Sostenibilità ambientale

Innovazione nella produzione di calce: un forno elettrico per ridurre CO2

Un progetto innovativo per ridurre le emissioni di CO2 nella produzione di calce.

Innovazione nella produzione di calce: un forno elettrico per ridurre CO2

Limenet e Fassa Bortolo hanno annunciato una collaborazione per sviluppare un forno elettrico destinato alla produzione di calce, un progetto che prevede un investimento di 5 milioni di euro, con 2,5 milioni provenienti da ciascuna delle due aziende. Questa iniziativa rappresenta un passo significativo verso la decarbonizzazione del settore, in quanto mira a ridurre le emissioni di CO2 associate alla produzione di calce, un materiale fondamentale nell’industria delle costruzioni.

La start-up lecchese Limenet, specializzata nella decarbonizzazione, e la storica azienda trevigiana Fassa Bortolo, attiva nel settore dei materiali da costruzione, hanno unito le forze per sviluppare un forno elettrico di scala commerciale con una potenza di circa 10 megawatt. Questo forno sarà in grado di produrre calce di alta qualità, riducendo significativamente l’impatto ambientale della sua produzione. Attualmente, il processo di calcinazione della calce richiede temperature elevate, tra 1.500 e 1.800°C, e genera CO2 da due fonti: la reazione chimica che trasforma il calcare e l’uso di combustibili fossili come il metano per alimentare i forni.

Tradizionalmente, per produrre una tonnellata di calce si emettono circa 1,066 tonnellate di CO2, di cui 0,79 tonnellate derivano dalla reazione chimica e 0,28 tonnellate dalla combustione del metano. Con l’innovazione del forno elettrico, si prevede di ridurre quasi completamente le emissioni legate alla fornitura energetica, portando a una diminuzione complessiva del 22% delle emissioni di CO2.

Prospettive future e cattura della CO2

Un ulteriore passo avanti potrebbe essere la cattura della CO2 e il suo stoccaggio in impianti come quello già sviluppato da Limenet ad Augusta nel 2024, dove l’anidride carbonica viene trasformata in bicarbonati di calcio e immagazzinata in acqua di mare. Tuttavia, le tecnologie di rimozione delle emissioni rimangono costose, superando il costo dei crediti Ets che le aziende devono acquistare per compensare le loro emissioni di CO2.

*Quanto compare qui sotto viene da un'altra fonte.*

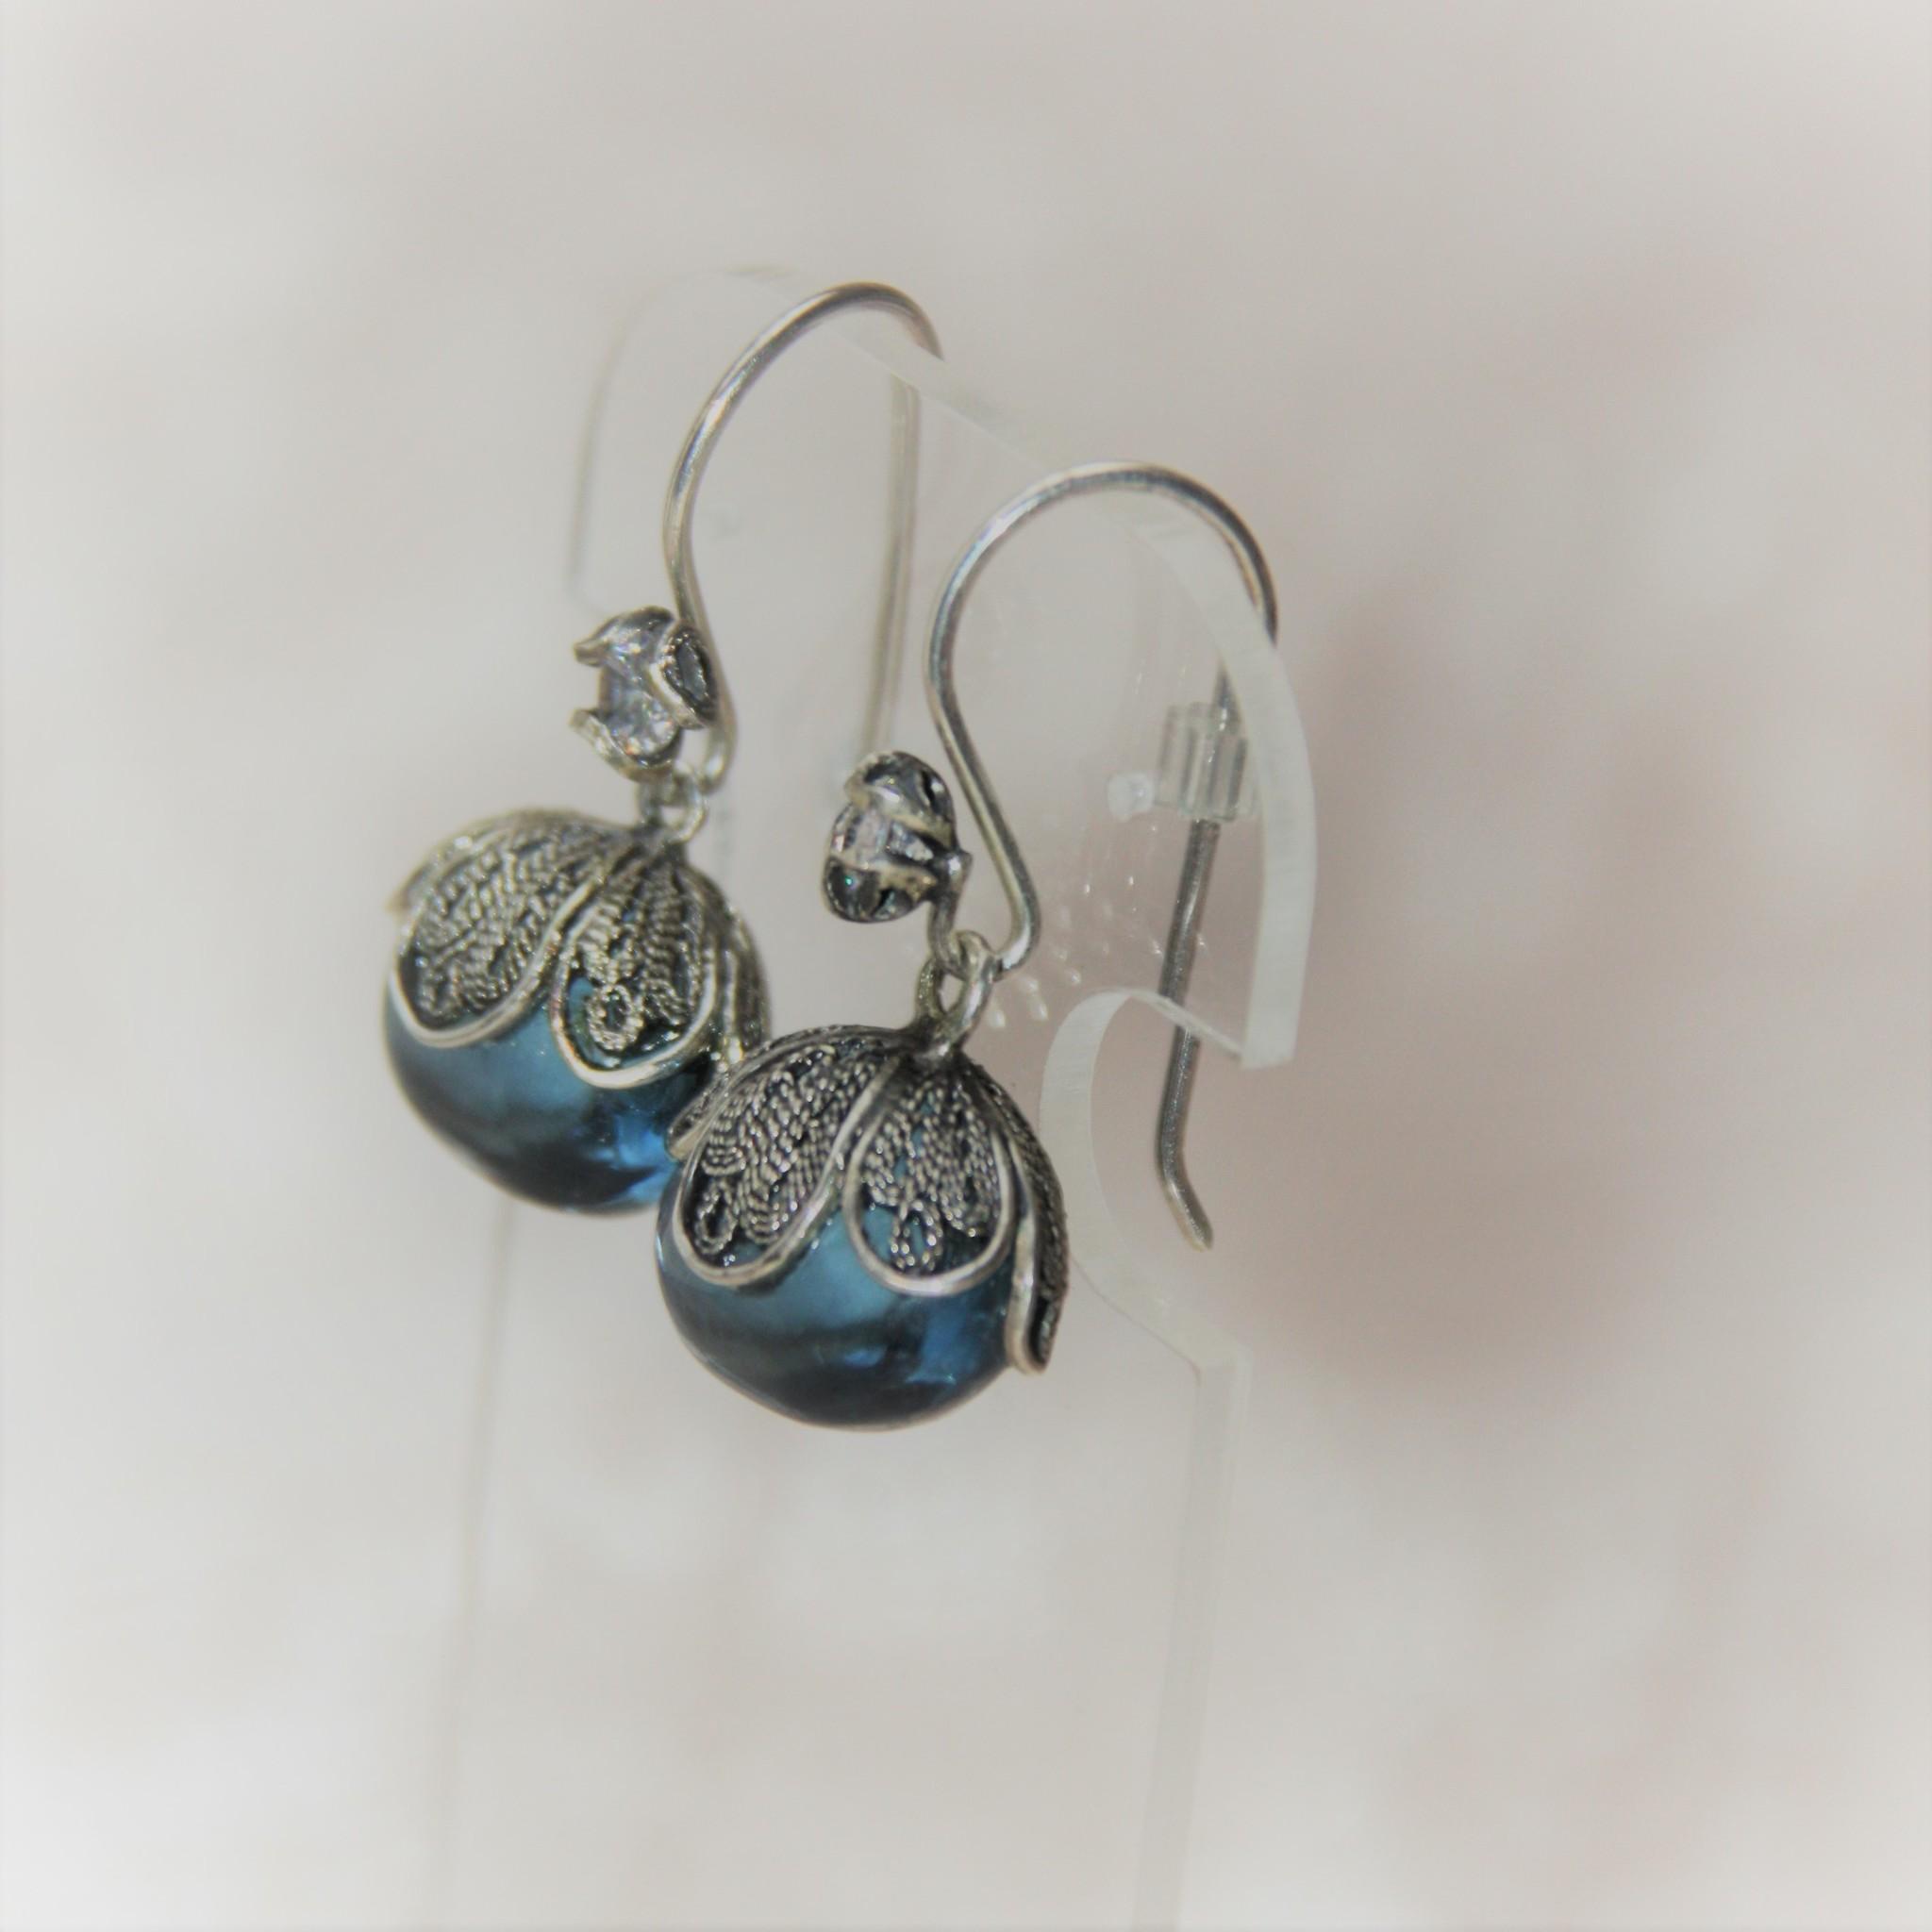 Yvone Christa Blue Aqua Lemoria earrings

Il nuovo forno avrà anche la capacità di lavorare i cosiddetti “fini di cava”, la frazione granulometrica più fine del calcare estratto, che rappresenta tra il 30% e il 40% del materiale totale e che non è utilizzabile nei forni tradizionali. “Questo accordo rappresenta il primo passo fondamentale verso la produzione di calce completamente decarbonizzata”, ha dichiarato Stefano Cappello, CEO di Limenet. “Stiamo lavorando a un prototipo che sarà pronto entro la fine dell’estate, con i primi risultati attesi per settembre. Il forno sarà realizzato entro il 2027”.

Collaborazione per un futuro sostenibile

Alessandro Trivillin, CEO del Gruppo Fassa, ha sottolineato che questo accordo rappresenta una traduzione concreta della visione condivisa con Limenet, mirata a portare la tecnologia di elettrificazione del processo di calcinazione in un contesto produttivo reale. L’obiettivo è ridurre strutturalmente le emissioni da combustione nella produzione della calce, contribuendo così a uno sviluppo tecnologico che avrà ricadute positive su tutto il settore. La decarbonizzazione dell’industria della calce, secondo Trivillin, passa attraverso collaborazioni tra chi sviluppa tecnologie avanzate e chi le applica su scala commerciale.